Отрезвил нас Аквариум. Здесь тоже была суета; толпа, оглушенная собственным гомоном, двигалась по часовой вокруг бассейна, где безнадежными кругами — против часовой — плавал скучный долговязый осетр. За стеклами томилась рыбья мелочь. Как и во всяком зоопарке, здесь экспонировалась не живая — полуживая природа. Для посетителей, знакомых с пляжным морем, это экспонируемое море сходит за чистую монету; но мы, пожалуй, к таким посетителям уже не принадлежали. Усохшее чучело дельфина ничем не напоминало полнокровных красавцев, которые еще утром резвились вокруг яхты.
— Идите сюда! — неожиданно позвал Саша. Перед аквариумом с большой океанской черепахой стояла девушка. Она вела по стеклу ладонью; черепаха медленно, важно следовала за рукой, вытягивая морщинистую шею, и что-то как бы выговаривала узкой щелью рта. Ее прищуренные глаза внимательно и ласково смотрели на девушку.
— Милая… добрая… — шептала девушка черепахе. Поглощенные игрой, они никого не замечали: вокруг них, среди бесцельной суматохи, пролегала невидимая линия тишины.
— Черепаха океанская, — прочитал Саша.
— Хорошая девушка! — вздохнул Сергей. И туристское безумие вдруг отпустило.
Больше мы никуда не спешим. На улице вечер, теплый и мягкий. По бульвару у Графской пристани идет чинное военно-морское гуляние. Мелькают светлые кителя моряков, тихо смеются красивые, хорошо одетые женщины.
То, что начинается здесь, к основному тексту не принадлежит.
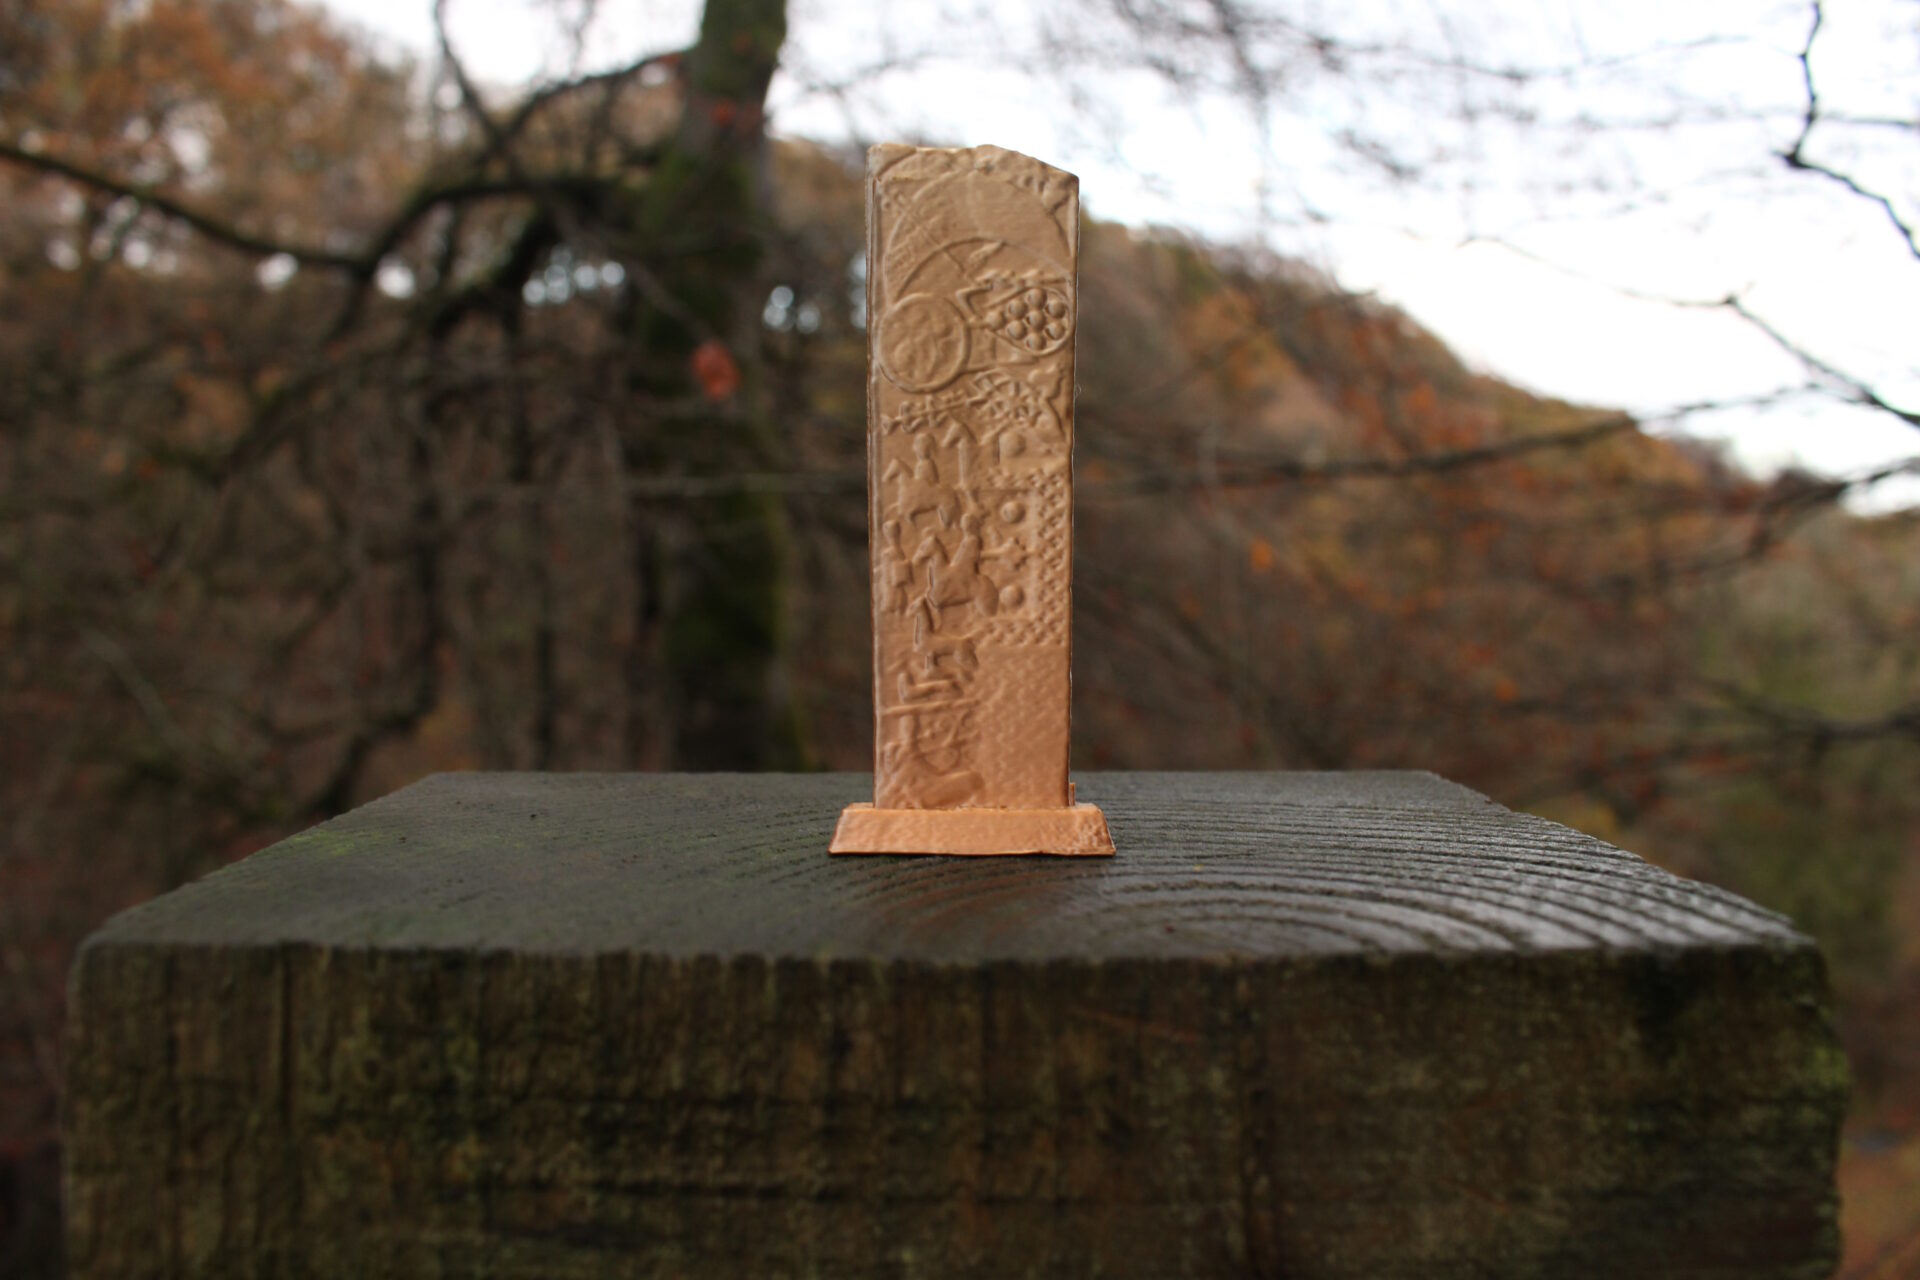 Pictish Stone Remix 3D Printed Sculpture in Silk Metal against a woodland scene.
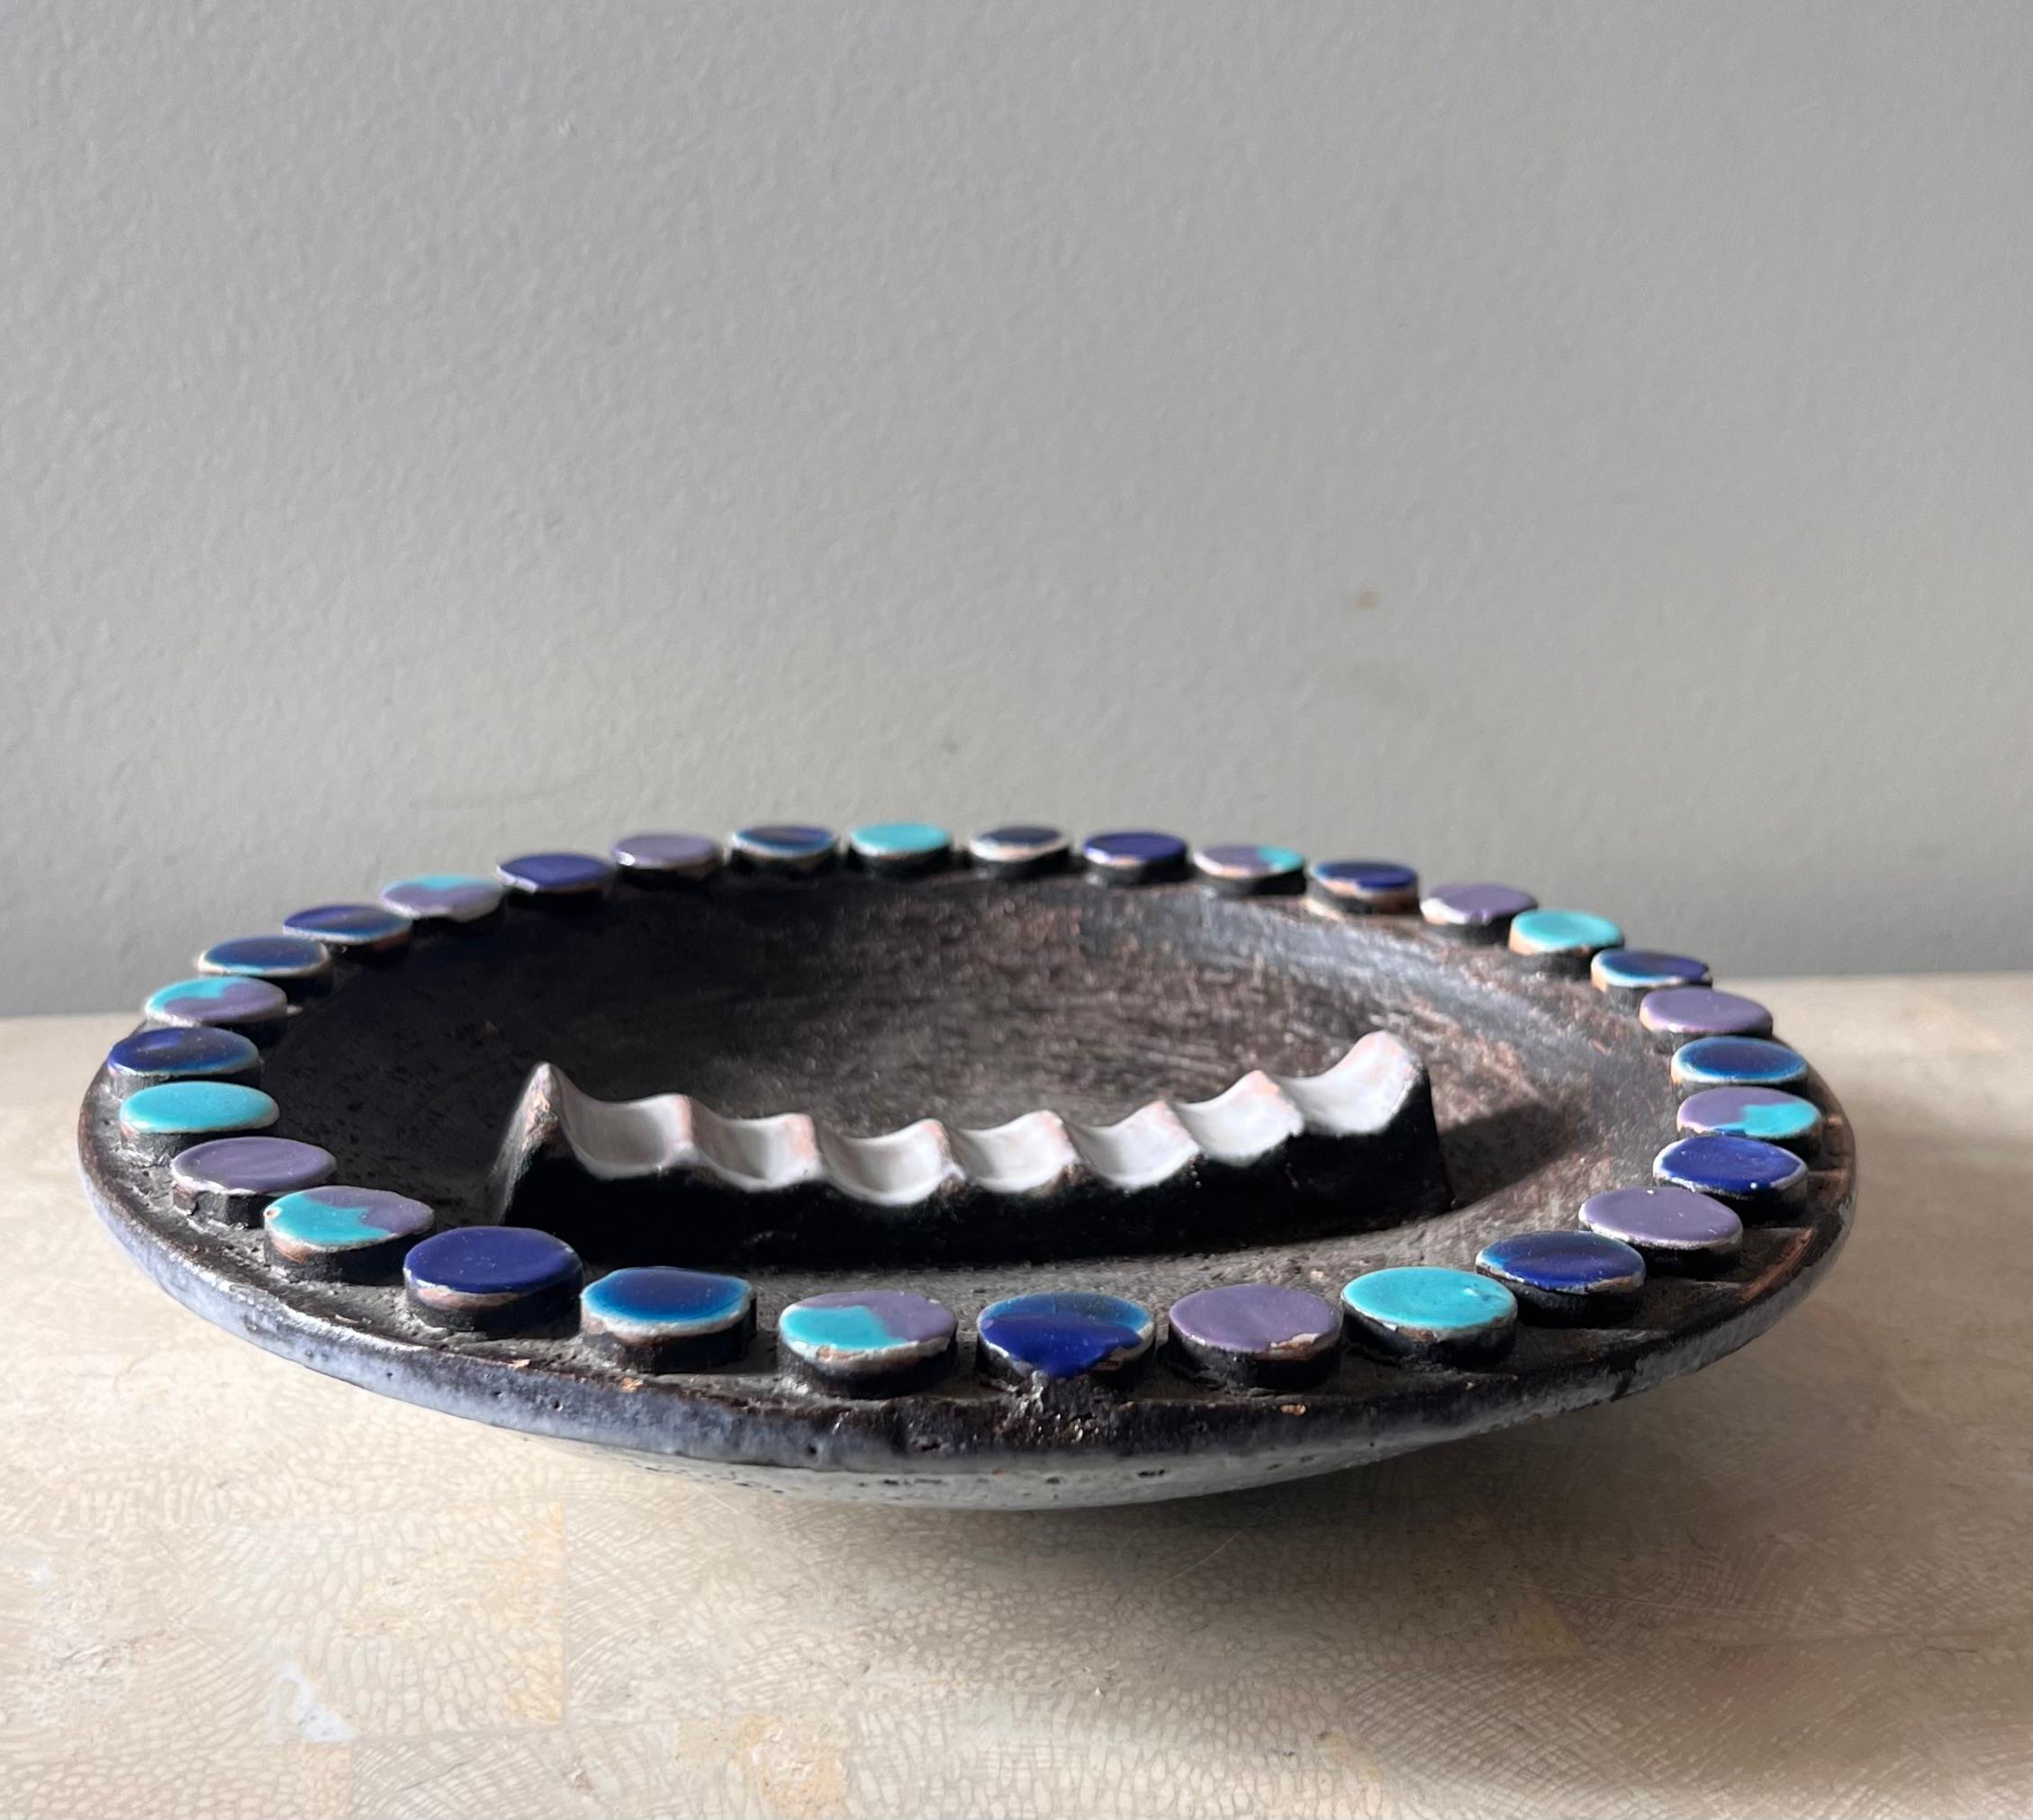 A monumental mid century modern ceramic ashtray by Aldo Londi for Bitossi, Italy circa 1960s. Tones of pewter, turquoise, lavender, and Yves Klein blue, and featuring 7 rivulets in center. Some wear to the colored tiles adorning the edge, but
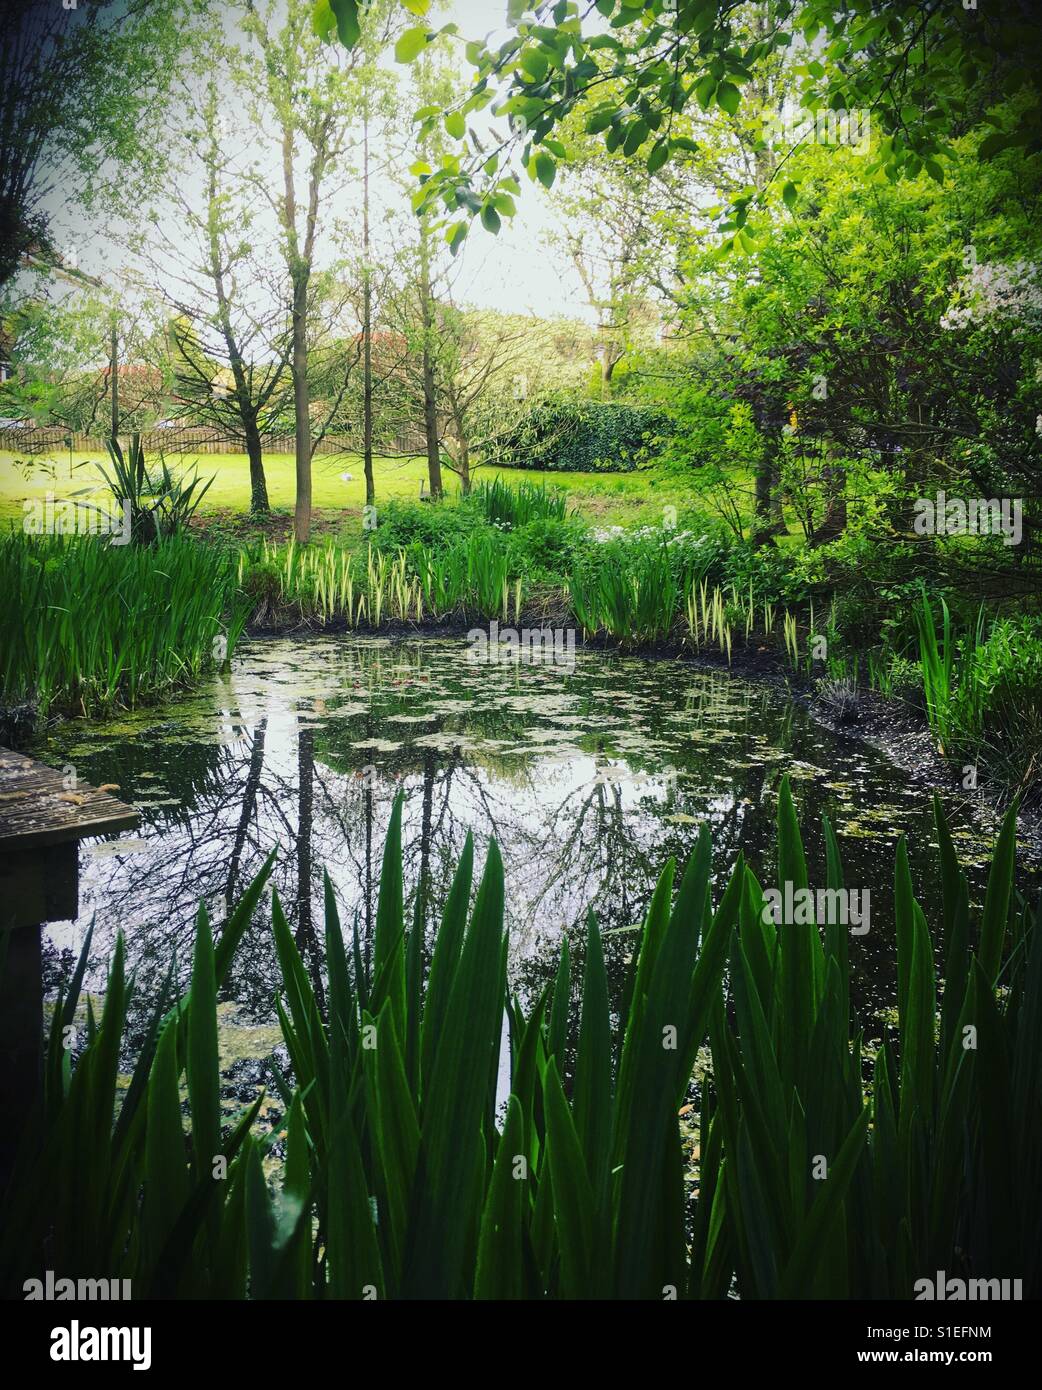 Summer pond showing enviroment growth Stock Photo

Солнце садится в море на выходе из бухт. Рядом с огромным красным диском виден статный силуэт военного корабля. Закат на фоне линкора строг. Сергей Щелкает «Зенитом», Саша спрашивает, почему наше светило, находясь у горизонта, краснеет и увеличивается. Мы же, кажется, физики?.. Из Артиллерийской бухты вышло еще одно судно и плавно понеслось на запад, к солнцу и своему товарищу в море.
— Пора домой, — наконец нехотя сказал я и впервые поймал себя на том, что называю «домом» яхту.
15 июля. Вместо «пяти ноль-ноль» пограничник выпустил яхту из Камышовой в половине четвертого.
У капитана есть странный обычай: самое раннее время суток он называет «девятью часами утра».
— Вставайте, уже девять, вот оно. Море не ждет. Дома отоспитесь, вот оно.
При этом спросонья кажется, что тебе в лоб забивают гвоздь.
Нужно сказать, что на Даню и Сашу капитанские методы не действуют. Подняв нас с Сергеем, от матросов Данилыч вынужден был отступиться и, уважая всякий труд, выполняемый профессионально, констатировал:
— Спят сильно. Студенты, вот оно!
Траверз мыса Херсонес прошли еще затемно. Слабый утренний бриз.
Туман. Не «светает», а туман светлеет. Туман южный, летний, розовато-лиловый. Сквозь него и над ним — высокая линия скал. Показалась краюха солнца.
Звуковой лейтмотив восхода — слово «мористей», его то и дело выкрикивает Данилыч. Мористей!..
Перехода вдоль Южного берега Крыма мы ждали давно. В ясную погоду Яйла видна еще из Евпатории. Синяя кромка плато притягивает. Горы растут из моря; не знаю, есть ли на Земле место, где эти две стихии сходятся вот так — вплотную. С этими местами для меня связаны альпинистские воспоминания. Уже давно я просил:
— Данилыч, давайте ближе к Яйле пойдем! Глубины позволяют.
— Позволяют, — соглашался капитан. — У берега и пойдем.
— Понимаете, яхта — единственный шанс! Все эти прогулки «по Крымско-Кавказской» — они далеко слишком ходят. Маршрутов не разглядишь…
— Разглядишь, — обещал мне Данилыч. — Глубины позволяют.